2.3 Notification of Violation
2.4 AdaptiveMail Disclaimer
We may, but are under no obligation to, monitor or content provided by users. We are not responsible for the accuracy, completeness, appropriateness or legality of any customer content or data that is stored in either the customer’s enterprise cloud or provided by the customer to the AdaptiveMail cloud.
3.0 RESPONSIBILITIES AND RESTRICTIONS
3.1 Intellectual Property
The Website in its entirety and the AdaptiveMail Platform Content is owned by AdaptiveMail and is protected by United States and international laws regarding copyrights, patents, trademarks, trade secrets and other intellectual property or proprietary rights. You are permitted to use the Website and platform only for legitimate business purposes as agreed upon in these terms and/or the Customer Agreement.
3.2 Provision of Services
AdaptiveMail will provide to Customer the Services pursuant to the relevant Customer Agreement during the applicable Term.

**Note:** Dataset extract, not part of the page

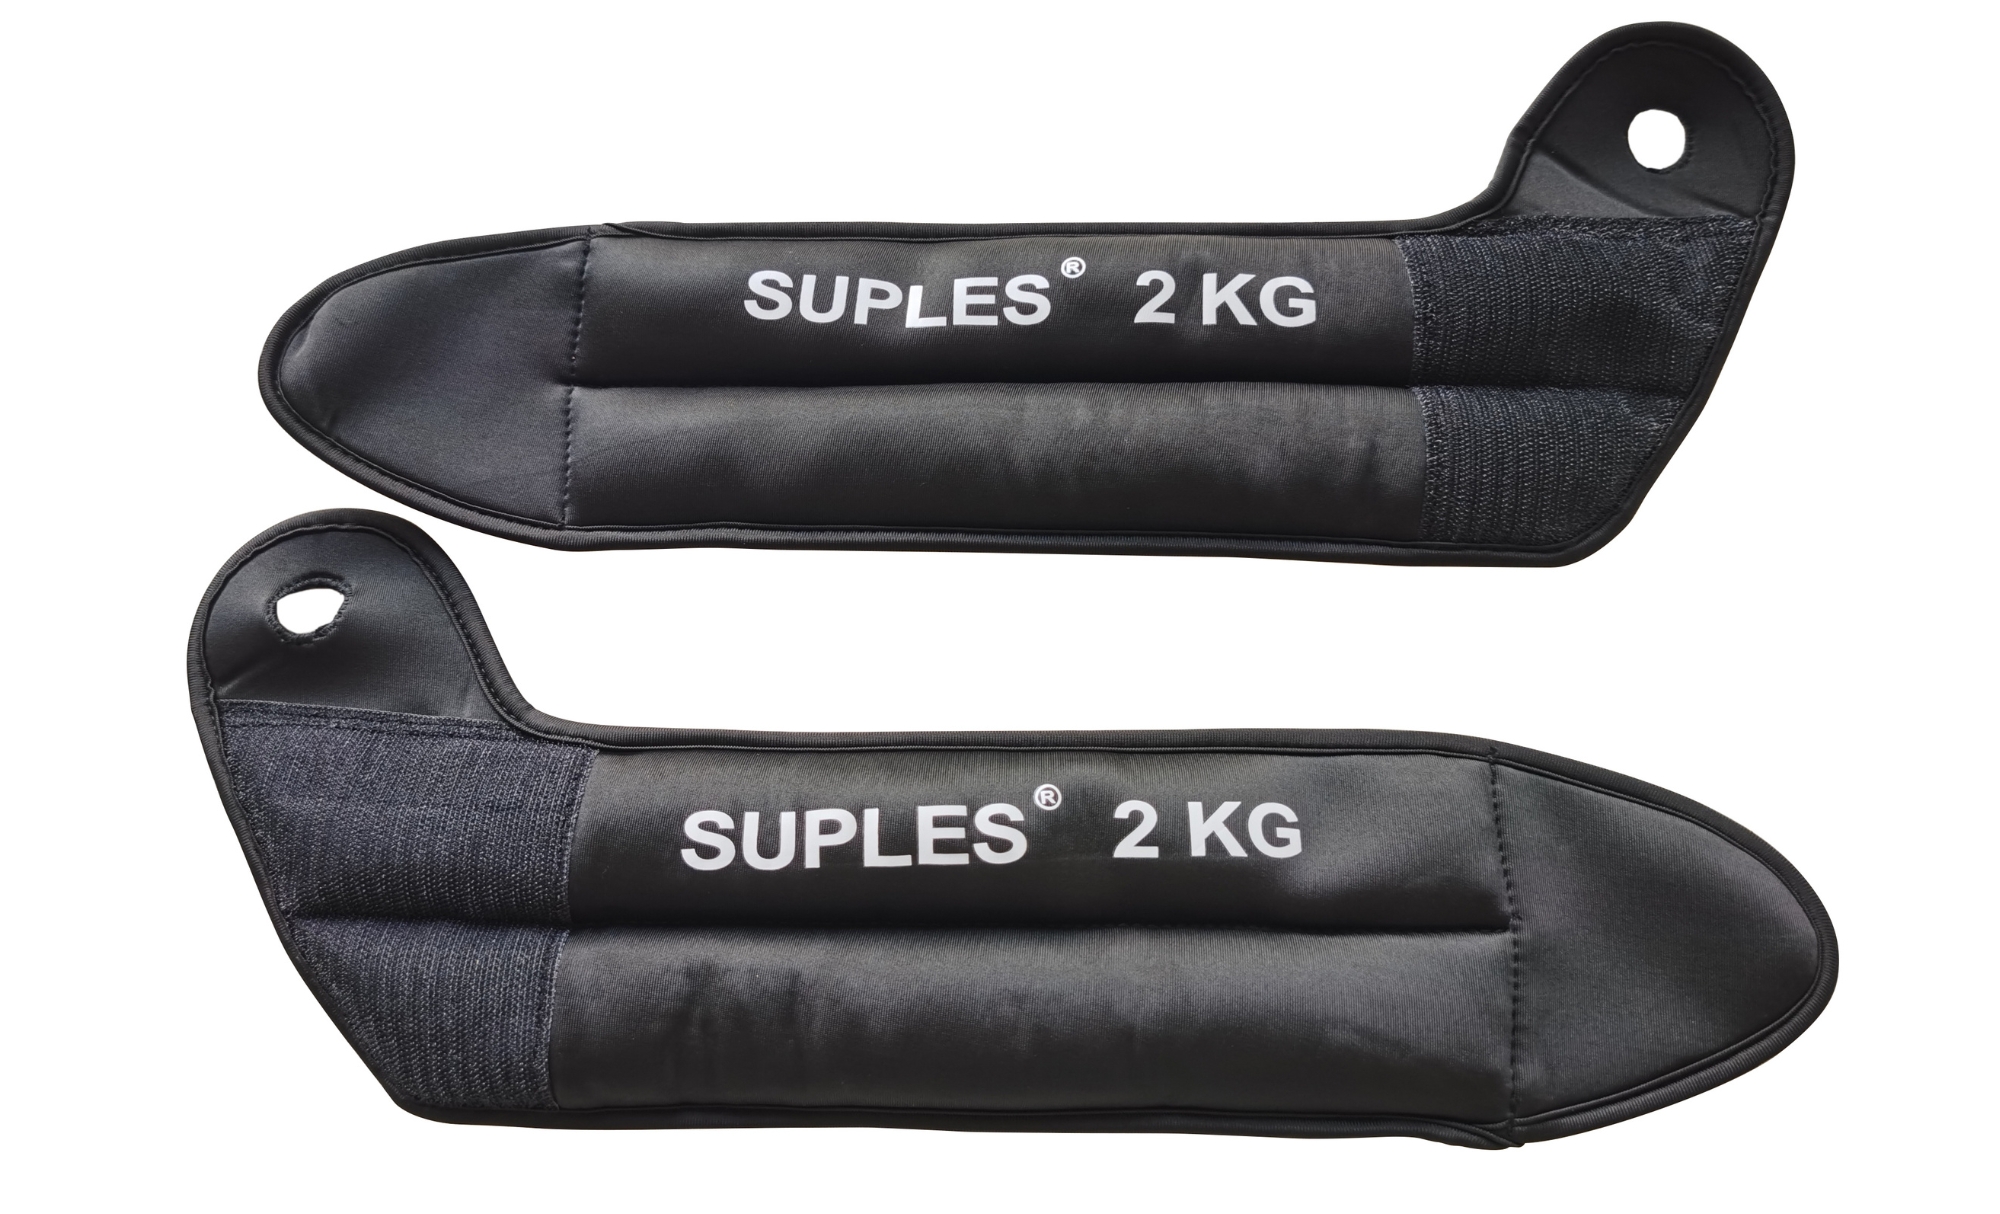 Suples Cuffs (pair) - 2 x 4.5lbs/2kg

Services will be provided pursuant to this Agreement and the specifications set forth in the applicable Customer Agreement, and substantially in accordance with the specifications set forth in the SLA.
3.3 Customer Responsibilities
Customer is responsible for all activity that occurs under Customer’s accounts by or on behalf of Customer. Customer agrees to(a) be solely responsible for all User activity, which must be in accordance with this Agreement and the Documentation, (b) be solely responsible for Customer Data (other than with respect to the AdaptiveMail obligations set forth in the Agreement) (c) obtain and maintain during the Term all necessary consents, agreements and approvals from individuals or any other third parties for all actual or intended uses of information, data or other content Customer will use in connection with the Services, (d) use commercially reasonable efforts to prevent unauthorized access to, or use of, the Services and notify AdaptiveMail promptly of any known unauthorized access or use, and (e) use the Services only in accordance with applicable laws and regulations.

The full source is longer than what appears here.